#!/bin/bash
set -e
NUM_PROCESSES=${NUM_PROCESSES:-2}
SCRIPT_DIR="$(cd "$(dirname "${BASH_SOURCE[0]}")" && pwd)"
if [ ! -f "${SCRIPT_DIR}/build/example_allreduce_hccl" ]; then
echo "错误: 未找到example_allreduce_hccl二进制文件"
echo "请先构建项目:"
echo " cd ${SCRIPT_DIR}"
echo " mkdir build && cd build"
echo " cmake .."
echo " make"
exit 1
fi
echo "运行HCCL allreduce示例,进程数: ${NUM_PROCESSES}"
echo "二进制文件: ${SCRIPT_DIR}/build/example_allreduce_hccl"

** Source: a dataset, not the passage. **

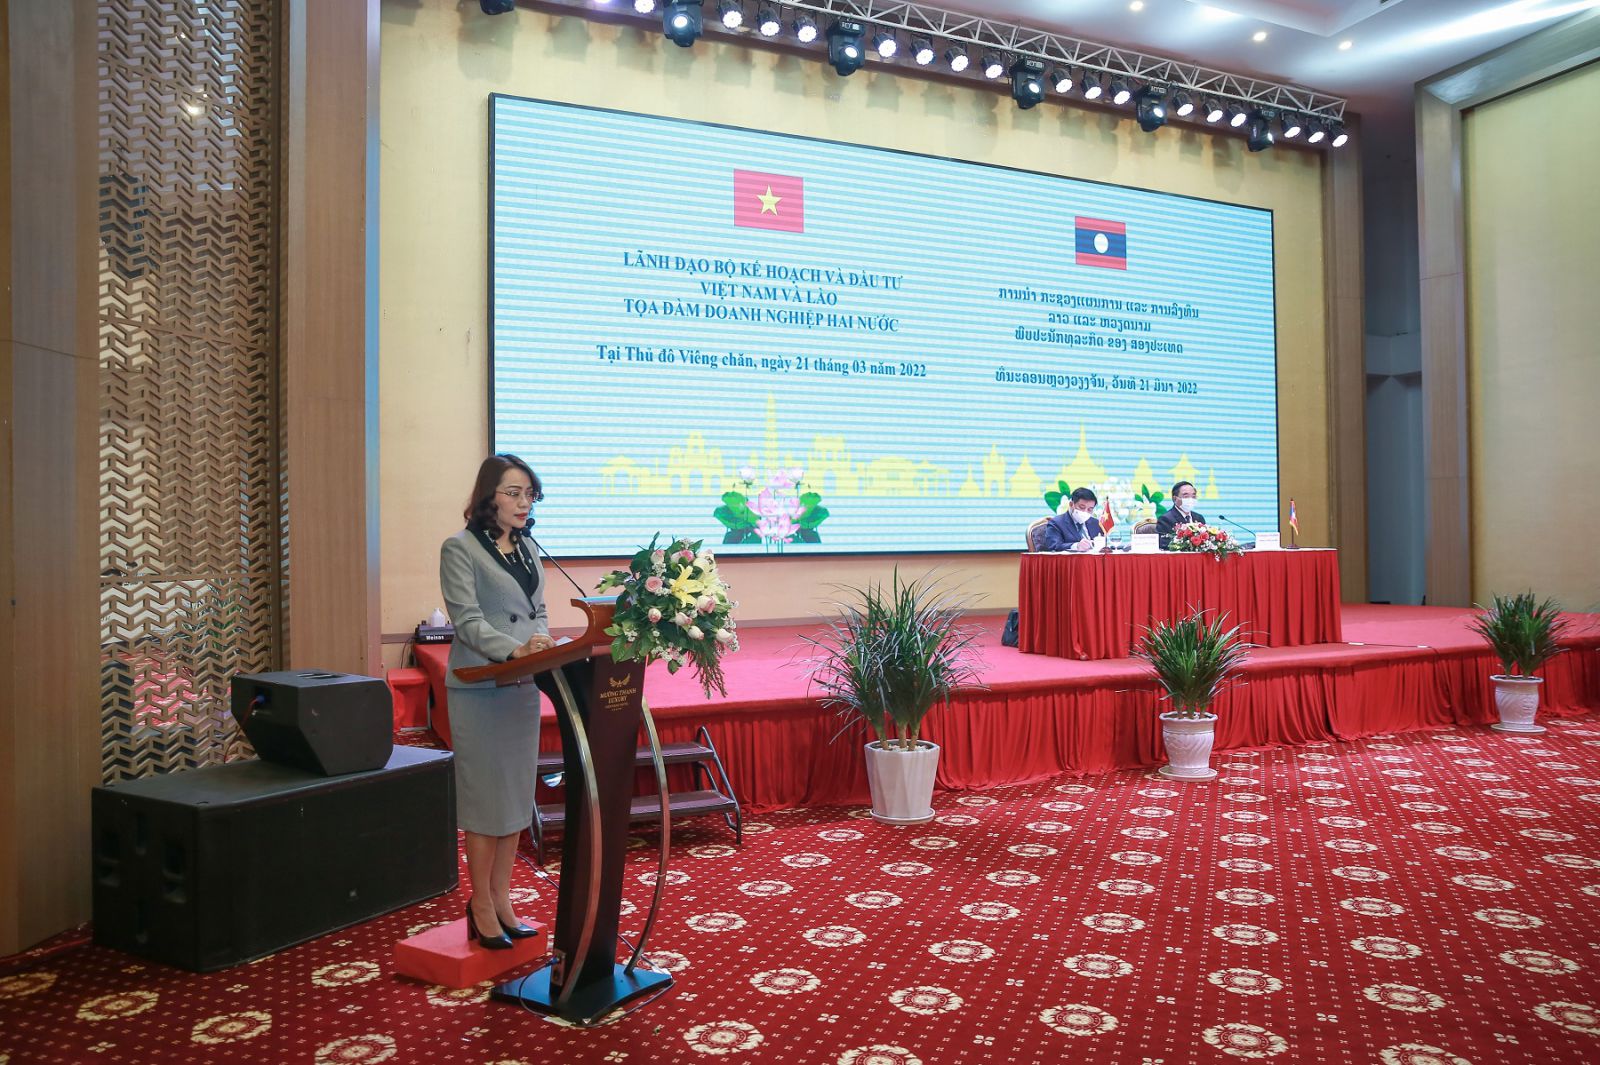 Ảnh 2: Bà Hương Trần Kiều Dung phát biểu tại Tọa đàm Doanh nghiệp Việt Nam - Lào

rm -f /tmp/c10d_hccl_example
pids=()
for ((rank=0; rank<NUM_PROCESSES; rank++)); do
echo "启动进程 ${rank}"
RANK=${rank} SIZE=${NUM_PROCESSES} \
"${SCRIPT_DIR}/build/example_allreduce_hccl" &
pids+=($!)
done
for pid in "${pids[@]}"; do
wait ${pid}
done
echo "所有进程已完成!"
rm -f /tmp/c10d_hccl_example